The Bodywalker he knew, the ones he was devoted to, the Politic, they were different. They cared for their human hosts, they Blended with them and respected them and shared their lives with them in harmony. The way it should be.
And since Bodywalkers could choose exactly whom they could be reborn into … it seemed ridiculous that this one had chosen such an inferior physical specimen.
As they came fully into range of his prison cell, he could see his captor: tall and handsome, if older, with salt-and-pepper hair and a deep dimple in his left cheek. This one had obviously chosen based on aesthetics.
“Oh my! Where did you get that?” Baldie asked with surprise when he caught sight of the captive in the cage.
“Not that,” Dimples said impatiently. “I’ll tell you why I’ve caught that in just a moment.”
“Oh. Well, what then?”
Dimples went to a drawer in a nearby worktable, a table that held any number of things, including all kinds of components for the spells the Templars worked. They were dark, vicious powers that ought not to be messed with. The same dark powers that had created him.
Dimples pulled a steel box from the drawer and opened it, the tremulous touch of his fingers revealing exactly how excited he was about what was inside the box. He reached in and withdrew a necklace, the pendant of which glinted sharply when the light from above struck it.
“What is it?” Baldie asked, snatching it out of his companion’s hands.
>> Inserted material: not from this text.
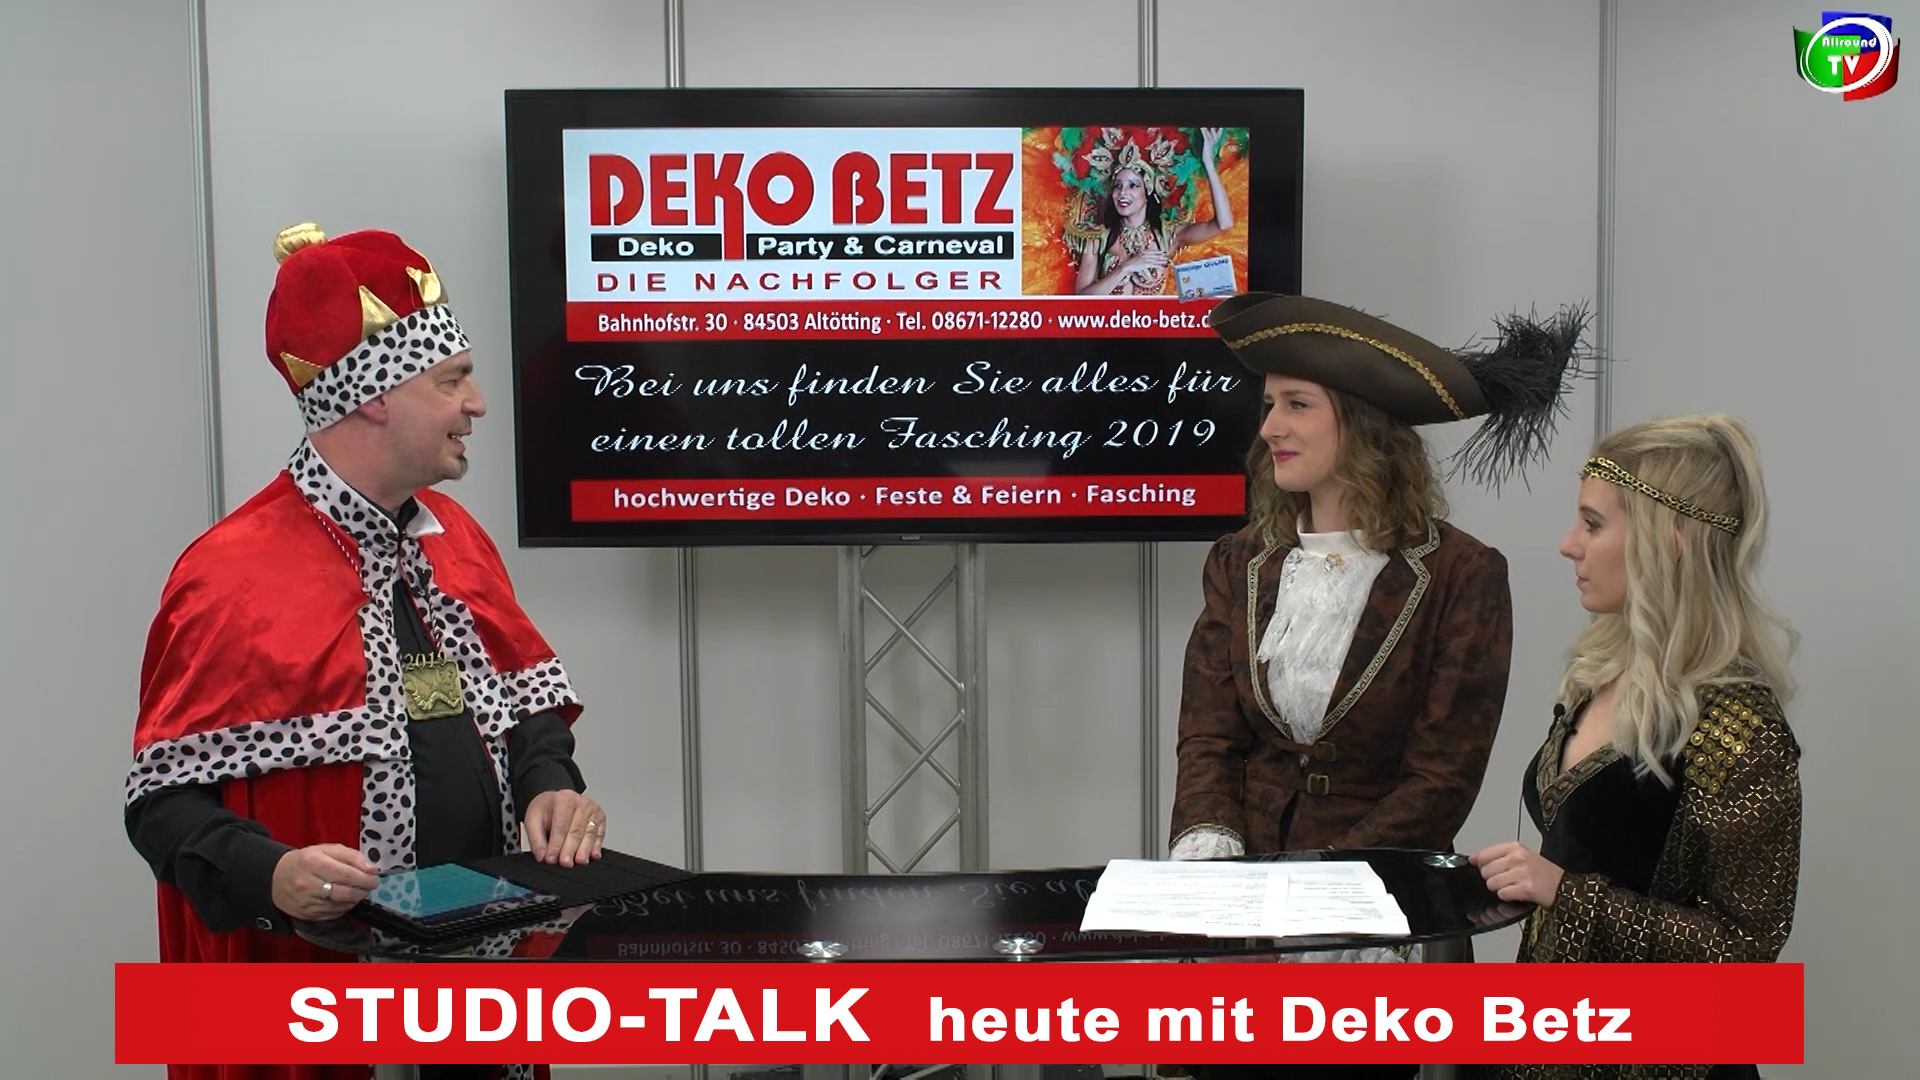 Faschingsideen Trends 2019 Mit Deko Betz Allround Tv

Dimples immediately snatched it back, holding it again with reverence.
“It’s called Adoma’s Amulet,” he said breathily.
“Really?” Now Baldie had adopted Dimple’s reverent tone. “What does it do, Panahasi?”
“I have no idea,” Panahasi said.
Baldie frowned with consternation and impatience. “If you don’t know what it does, what’s so special about it?”
“What’s special is that I found it in Kamenwati’s belongings before his things were cleaned away!”
Their captive’s ears burned at the recognizable name. Kamenwati was the most powerful Templar priest ever known. He had been the right hand to the most powerful priestess, Odjit.
That is, until Kamen had defected to the other side. Ahnvil’s side.
Ironic, considering he was Ahnvil’s creator. His former master.
Baldie reacted accordingly. “Ohhh! And what makes you think it’s special, other than that?”
“Well, apparently Kamen had been researching it virulently. It was with tome upon tome, sitting on his desk. But the only thing he had found thus far was this passage.” Panahasi withdrew a small book from the box and flipped it open to a marked page. Ahnvil winced as he watched this, wondering how the book didn’t simply fall apart in Panahasi’s hands, given how obviously old it was. But neither of the Templars seemed to respect or even notice that. They were too busy trying hard to stand on the shoulders of another’s works, someone who was far and away more worthy of reaping the benefits of those works, if by way of his power alone … and even Ahnvil had to admit that, despite his own hostile reasons for despising Kamen.